Seu Nonato, cearense, fora guarda-fios e narrava alguns acontecimentos a outro conterrâneo seu, o Gonzaga, seringueiro por muitos anos em Costa Marques, de passagem pela cidade, em visita ao amigo.
O misterioso fato – a tal mudança de rota – permaneceu um mistério. Desejei saber em detalhes qual teria sido a magnitude do desvio; as causas prováveis; as suas conseqüências. Porém, não avançamos muito. O que mantém o encanto de certos mistérios, descobri, é precisamente a ausência de dados que possam elucidá-los. E mesmo se os dados existem, os cultores do mistério não desejam expô-los. O encanto do mistério, enfim, pode estar nos mecanismos de sua própria preservação. E nesse sentido, o seu Nonato tudo fez para preservá-lo de qualquer solução racional.
O ponto alto do mistério estava em um fato ocorrido com o Marechal: precisamente no sonho que ele tivera na noite anterior àquela em que decidira mudar o itinerário. Se o sonho existira de fato ou não, não se sabe. Narram que ele sonhara, no entanto, com muitas serpentes atravessadas no caminho. Ao aproximar-se delas, para matá-las, elas se transformavam em pequenos fios d’água, como os indicadores de rios em um mapa. Os exatos detalhes daquele mapa, onde os rios serpenteavam, que lhe ficaram impressos na memória ao acordar, teriam dado a indicação do novo rumo, que ele não titubeou em seguir...
Seu Gonzaga, para completar a rodada de conversa, contou sobre as cobras cipó, que também, em certo dia, teria lhe indicado o rumo de sua casa, depois de ter-se perdido na mata, em lugar muito distante dos caminhos da seringa. Eu, como ouvira de um mateiro a versão contrária, de que a tal cobra faz os homens perderem-se na mata, desejei saber algo mais sobre o estranho ocorrido, mas pressenti que calar era o melhor remédio...
Da cobra cipó orientadora ao pássaro da chuva foi apenas um passo. Ou um arremesso de vôo. Seu Nonato, o guarda-fios, contou como em inúmeras vezes pôde voltar para casa mais cedo, avisado da tempestade que o pássaro anunciava. Aos pequenos saltos ele traçava a coreografia do prenúncio da chuva, deslocando-se no ar, lateralmente, como que impelido pelo vento. Deixava-se cair, retomava o vôo e de novo deslocava-se para o lado...

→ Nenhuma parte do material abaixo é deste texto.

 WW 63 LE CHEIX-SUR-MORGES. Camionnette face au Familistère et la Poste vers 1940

O dono do hotel-restaurante veio limpar a mesa, ofereceu-nos café, trouxe-nos suco e mais tarde nos serviu um lanche. Ao entardecer decidimos deixar o local, rumando para a casa de Seu Nonato. O jantar seria por lá. Uma caldeirada de peixe nos aguardava. Ele expedira a ordem por um menino de recados, que levara a mensagem à sua esposa. De modo que ao chegar sentimos no ar o cheiro da pimenta verde e outros condimentos típicos da cozinha amazônica.

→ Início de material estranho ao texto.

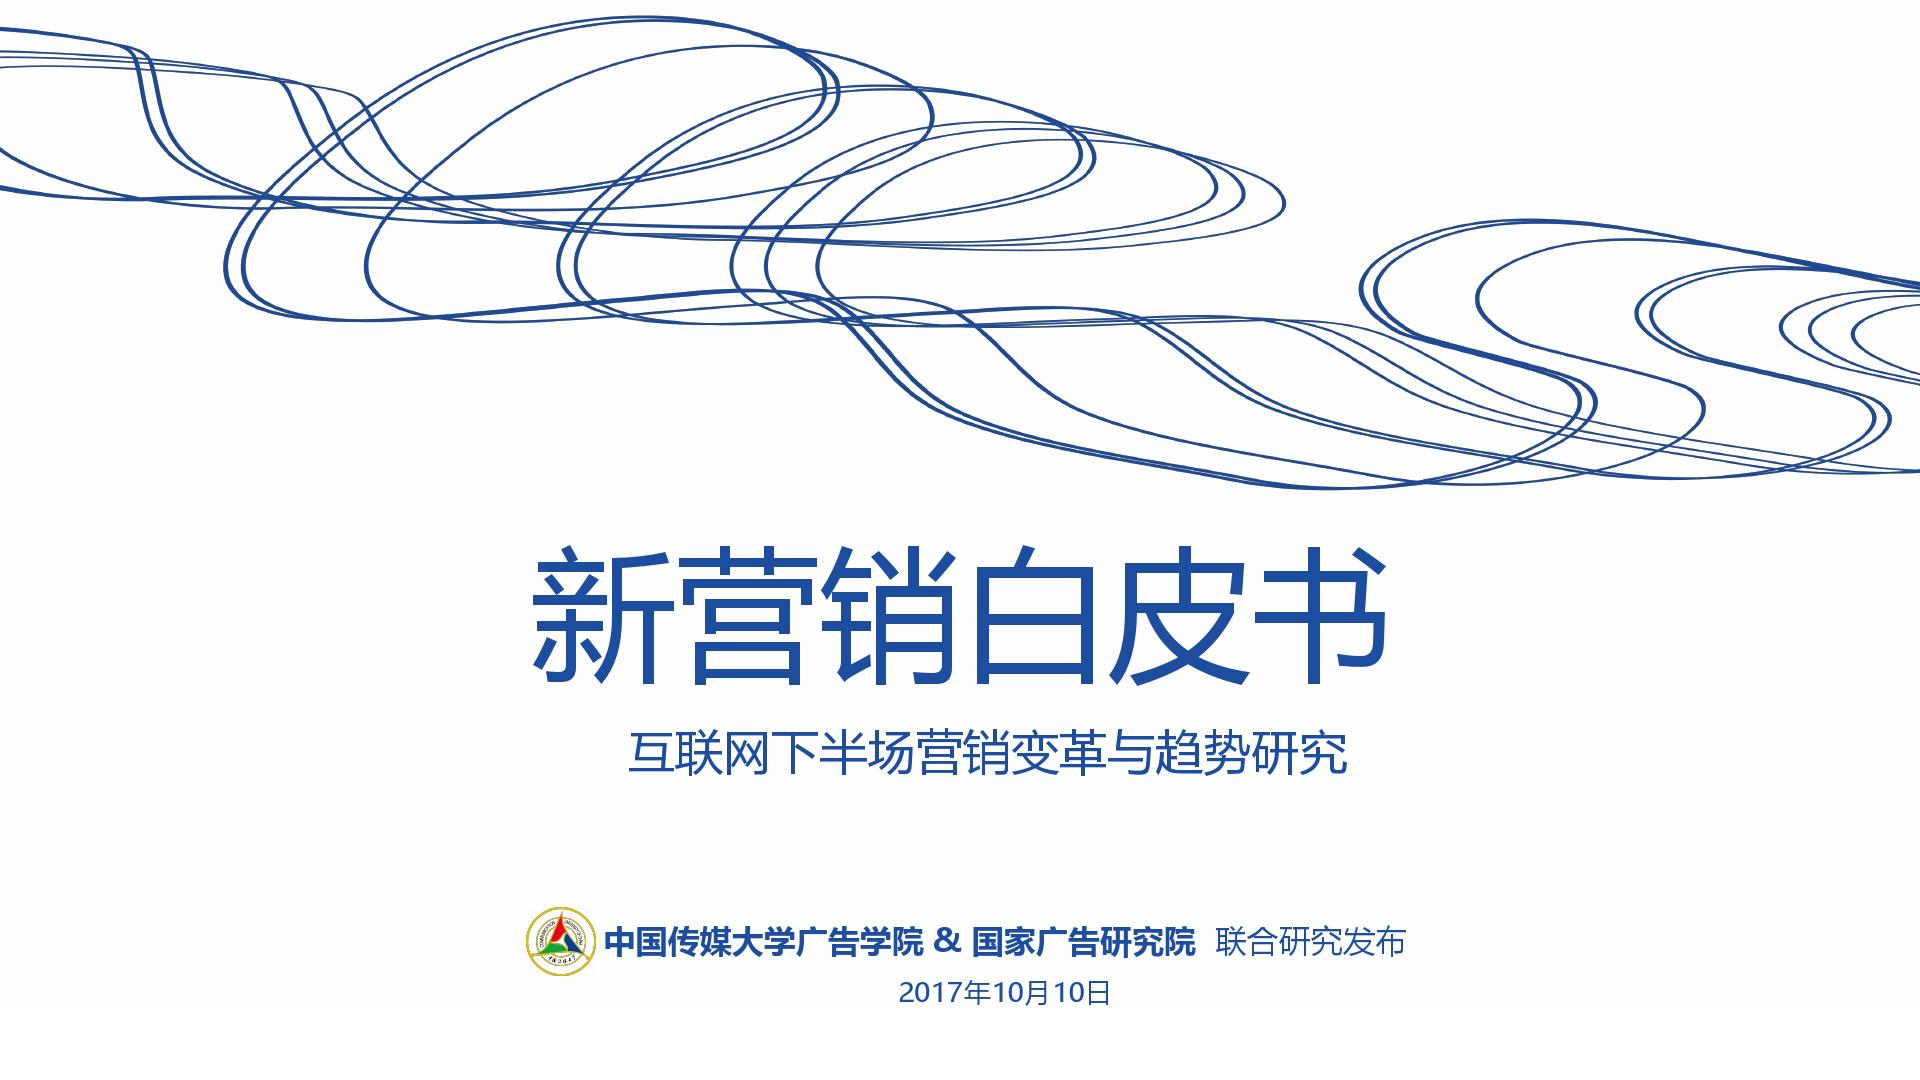 国家广告研究院-2017新营销白皮书

Por toda noite comemos, bebemos suco de açaí e ouvimos casos e mais casos. Eu me encantava a cada pequeno trecho narrado, não imaginando que a mais impressionante das histórias ainda estava por vir e foi contada ao amanhecer do outro dia, quando o sol, tímido, se anunciava:
Eu guardava fios pelas proximidades da Vila Urupá, depois Vila de Rondônia, hoje Ji-Paraná. Percorria, por conta deste trabalho, muitos quilômetros de estrada por dia. O meu trecho era imenso e eu tinha que dar conta dele de segunda a sábado. Eu descansava no domingo e voltava a percorrê-lo, tudo recomeçando no dia seguinte.
Os postes do telégrafo margeavam uma pequena picada, que ora se estreitava, ora se alargava, a depender do trânsito de homens e animais das rotas da seringa e do comércio que alguns poucos tropeiros que faziam ocasionalmente. Na maior parte dos trechos, porém, a mata avançava sobre os fios. A minha missão era impedir que as transmissões sofressem qualquer interrupção. Os cipós, aparentemente inofensivos, tinham força para romper os fios. Certos cipós, aliás, são tão obstinados ao se deslocarem em busca da luz, que arrastam consigo tudo o que encontram pela frente... Até mesmo alguns postes foram derrubados graças à força desses cipós, embora seja muito difícil fazer alguém acreditar nisso hoje...
Certos mistérios da Amazônia, meus amigos, não podem ser desvendados, pois não costumam aparecer aos olhos dos homens mais do que uma vez... Por isso não me importo com os olhares de dúvida que me lançam. Sei que fui testemunha dos mais inacreditáveis acontecimentos.
Um caso hei de contar, para vocês terem uma idéia de como a mão de Deus pode nos guiar em certas circunstâncias, nestas terras.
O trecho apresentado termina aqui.